*SOURCE DATA*
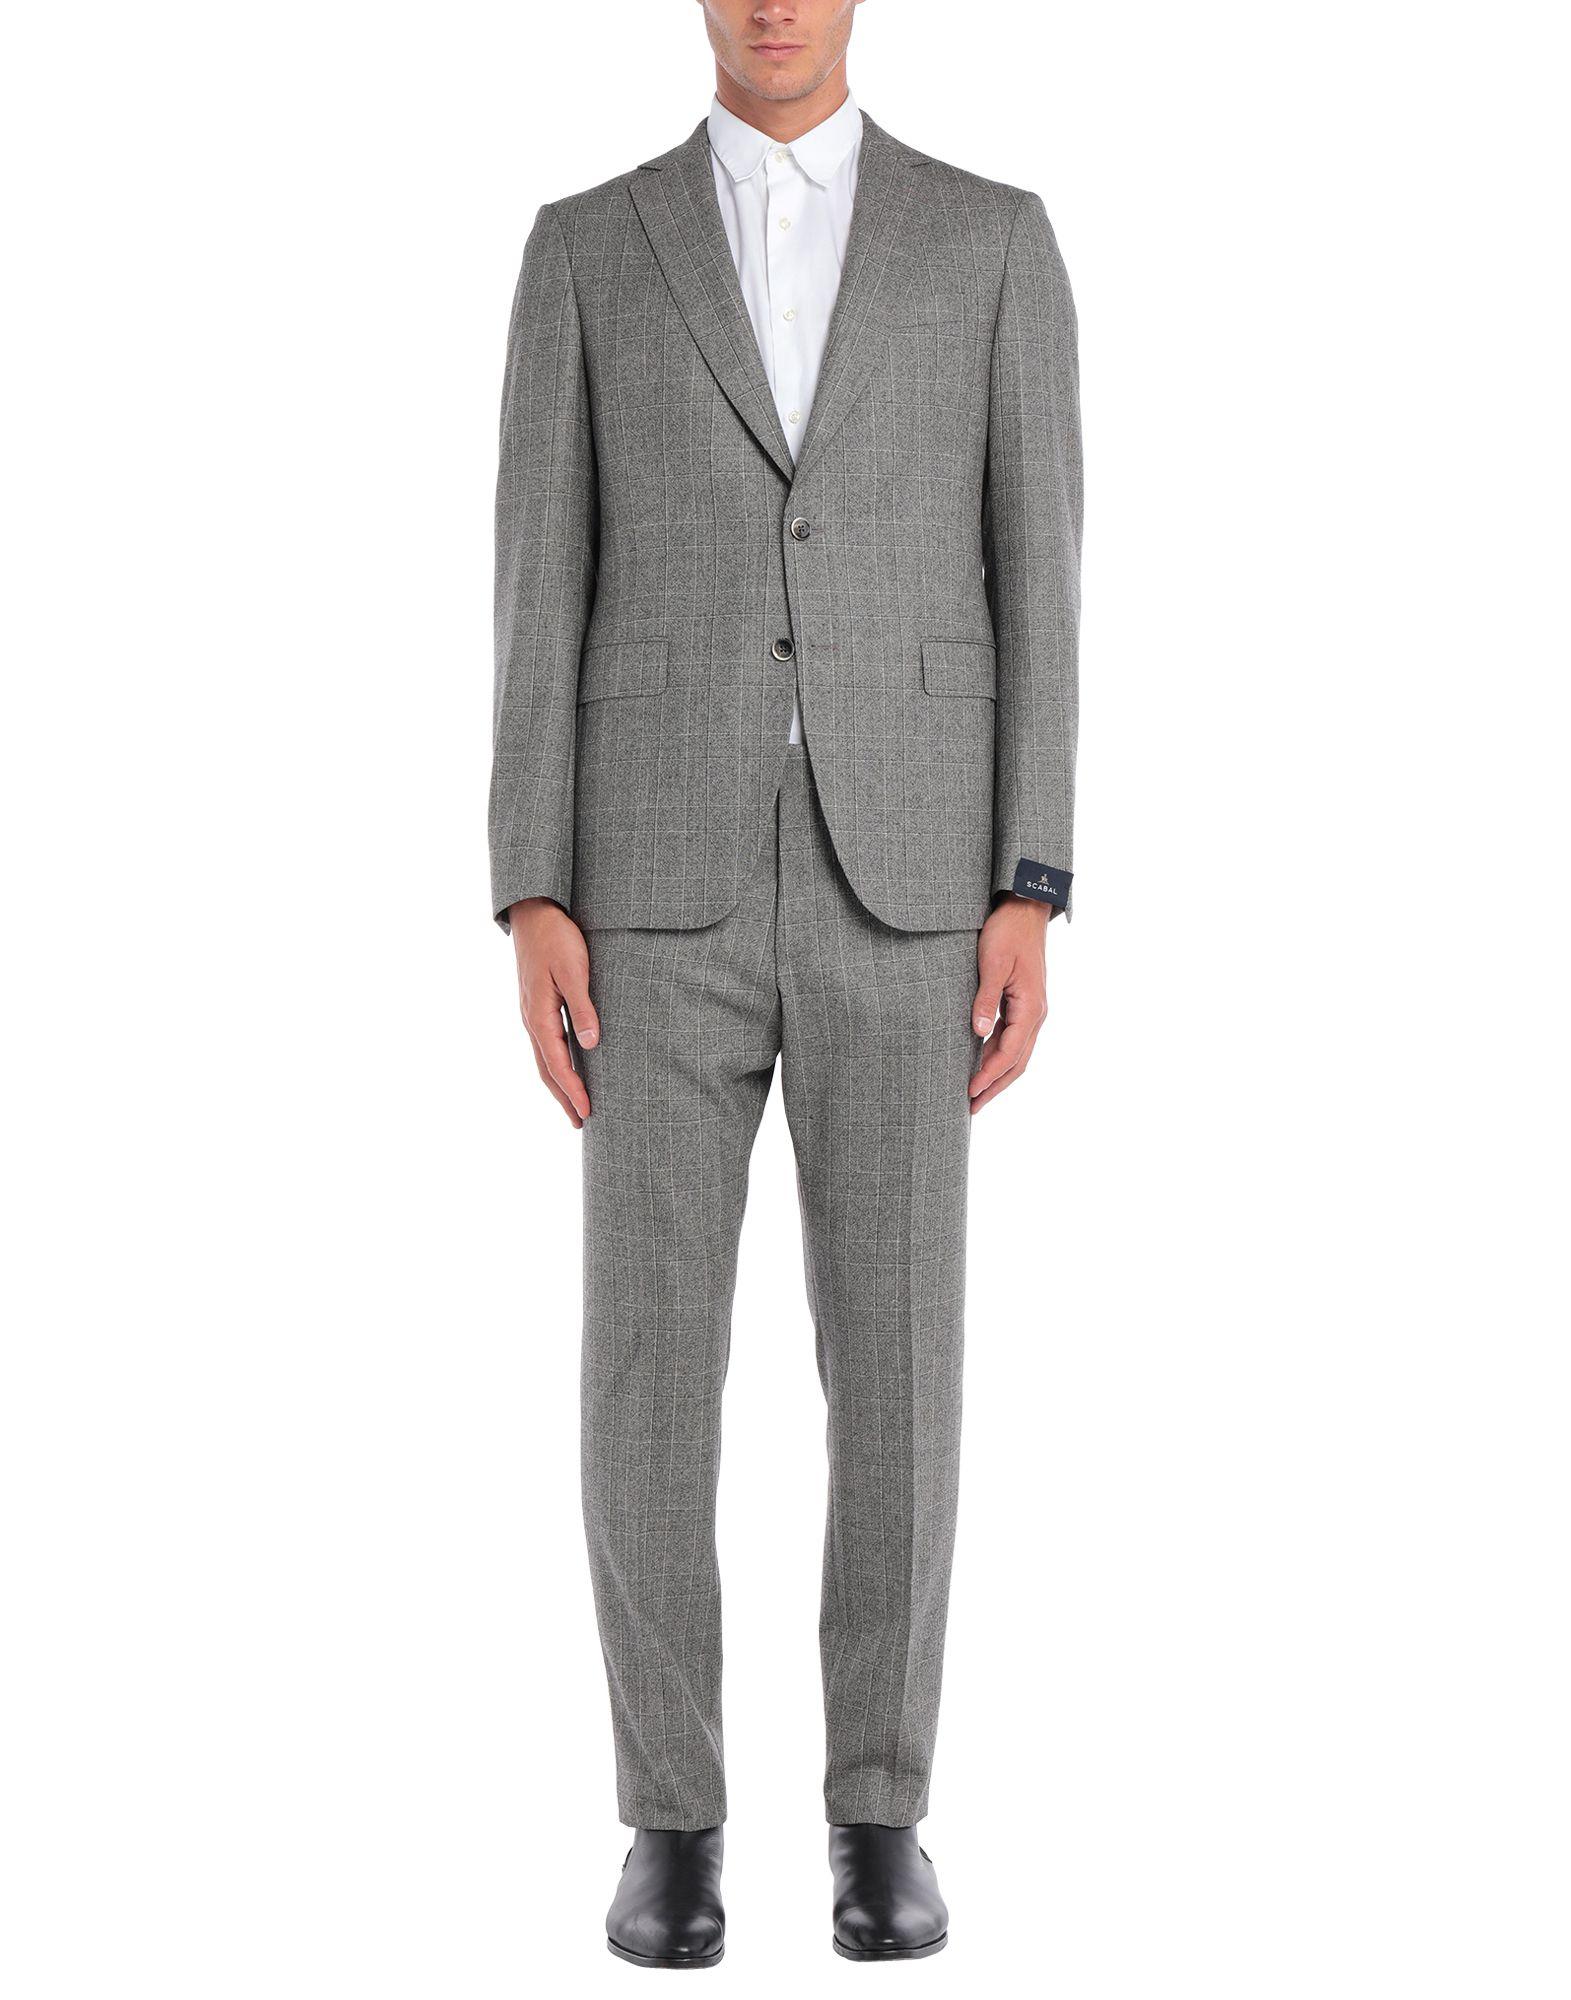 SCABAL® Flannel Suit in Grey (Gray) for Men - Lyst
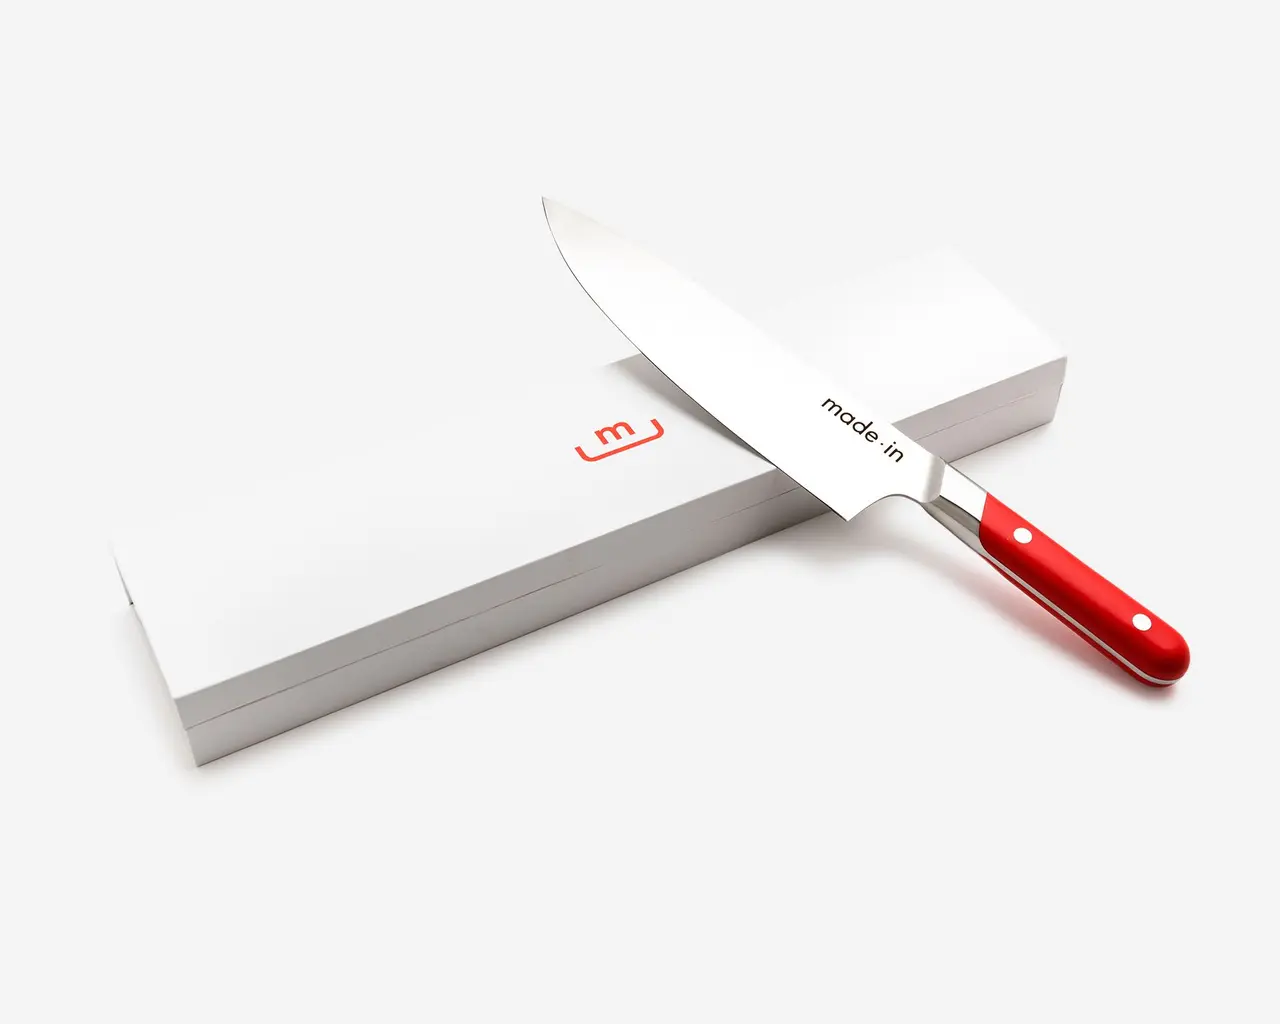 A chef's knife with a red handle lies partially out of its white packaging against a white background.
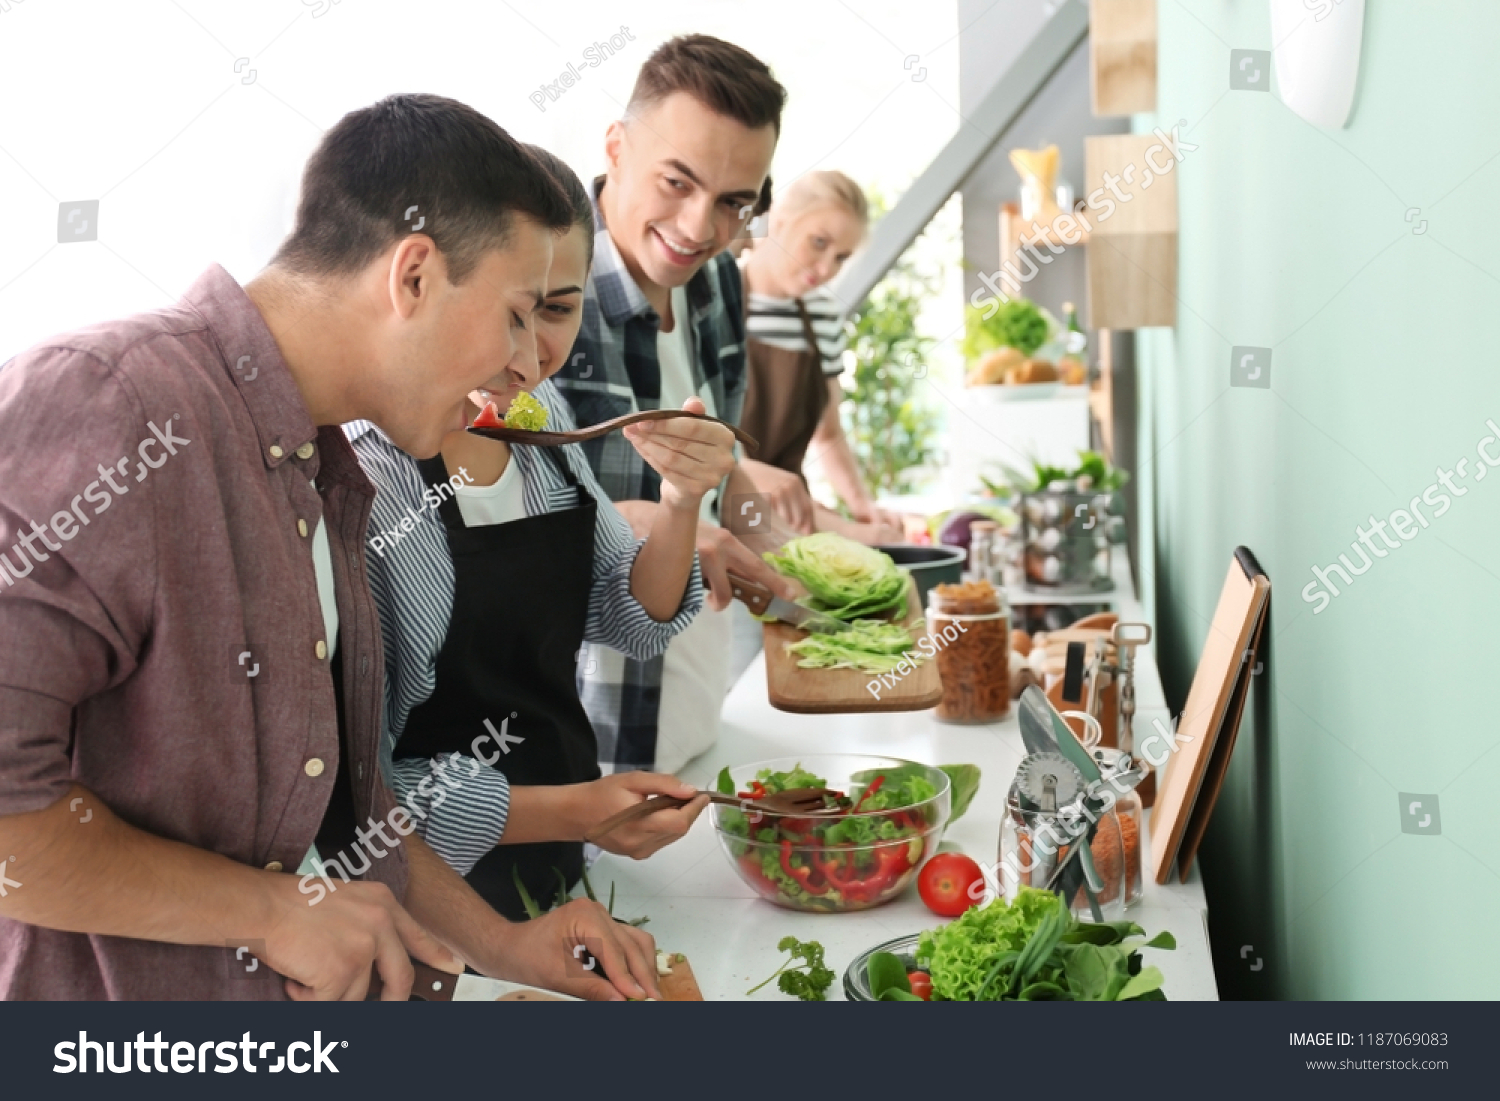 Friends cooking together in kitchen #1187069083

*TASK GOAL*
Word for word, write out the whole listing, keeping none of the pictures.

*ANSWER BOX*
 SCABAL® Flannel Suit in Grey (Gray) for Men - Lyst
 A chef's knife with a red handle lies partially out of its white packaging against a white background.
 Friends cooking together in kitchen #1187069083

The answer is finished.